While it is unclear exactly how this anti-phage defense is triggered, it may involve the retron RNA and the reverse transcriptase sensing or directly monitoring the activity of RecB. Regardless, the monitoring of RecBCD, a central hub of anti-phage immunity in E. coli, provides bacteria with a broad defense because different phages inhibit RecBCD in different ways.^7,10 Instead of detecting unique individual phage inhibitors, the retron monitors the integrity of the RecBCD-mediated immunity system as a whole. It also provides the bacteria with a multitiered defense, for if the phage mutates to escape retron targeting, it then becomes more susceptible to the RecBCD-mediated anti-phage responses.

Not all retron defense systems act through the RecBCD complex. Thus, there must be alternative signals or other important complexes that are monitored to mitigate phage infection. The Gam and 5.9 proteins are analogous in function to other phage counterdefenses such as anti-restriction ¹¹ and anti-CRISPR proteins. ¹² One might speculate that these phage proteins, known to be expressed very early in the infection process, could also serve as targets for retron-mediated phage defense.

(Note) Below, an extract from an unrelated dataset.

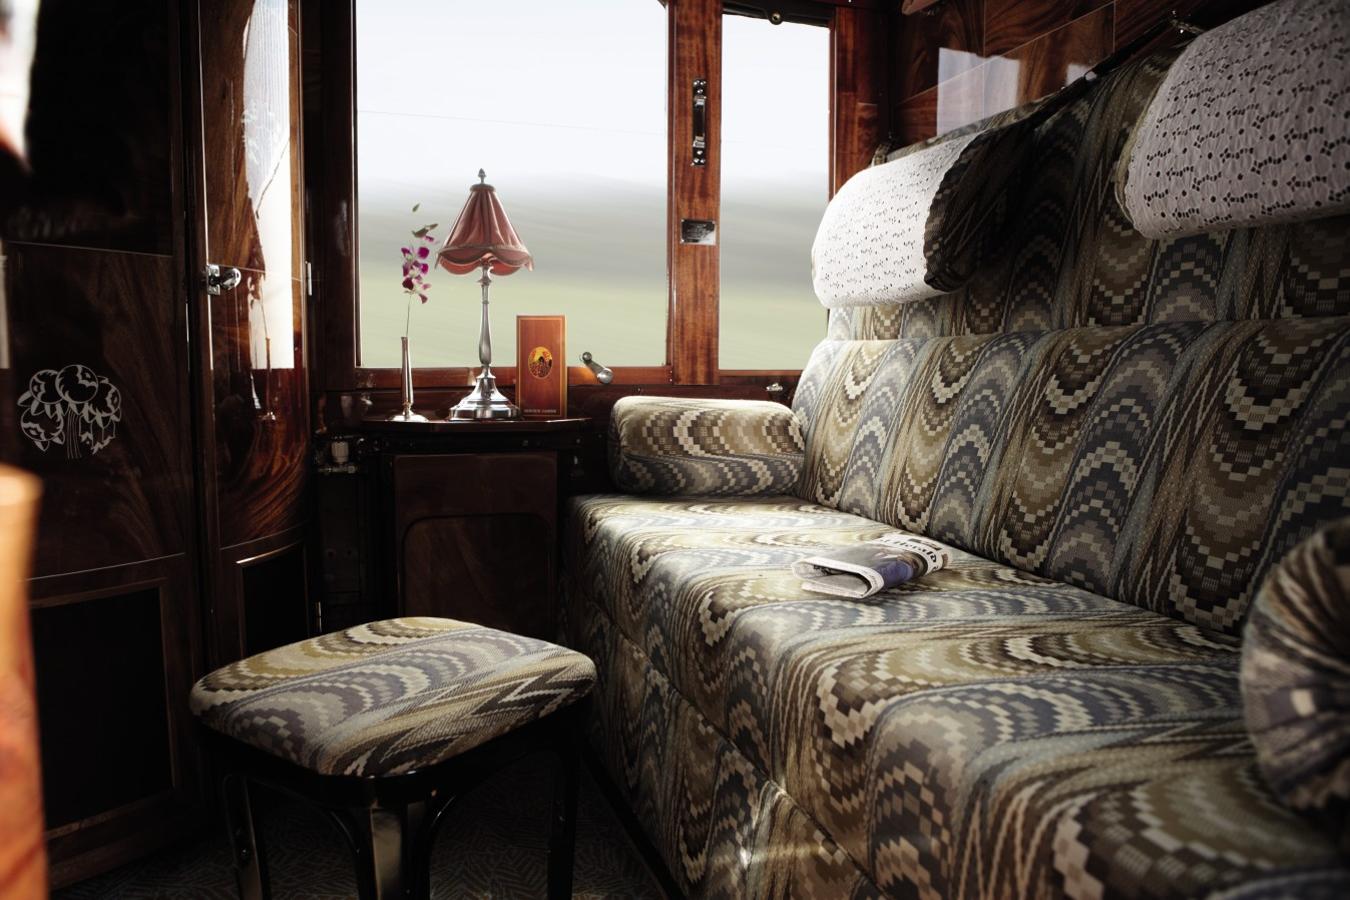 Venice Orient Express. La nueva decoración respeta el estilo Art Déco que caracteriza al tren desde la década de 1920. Cada suite, a su vez, toma elementos de la ciudad de la que toma su nombre

The guard theory of immunology, first described in plants, proposes that the immune system can sense the consequences of infection instead of directly sensing a component of the microbial invader. It does this by monitoring key cellular process that are common targets for pathogens, such as cytoskeletal dynamics in plants and the inflammasome in mammalian cells. ¹³ Thus, the discovery that retron Ec48 acts as a guardian of RecBCD provides yet another common link among the principles that govern immune systems from bacteria to plants and animals.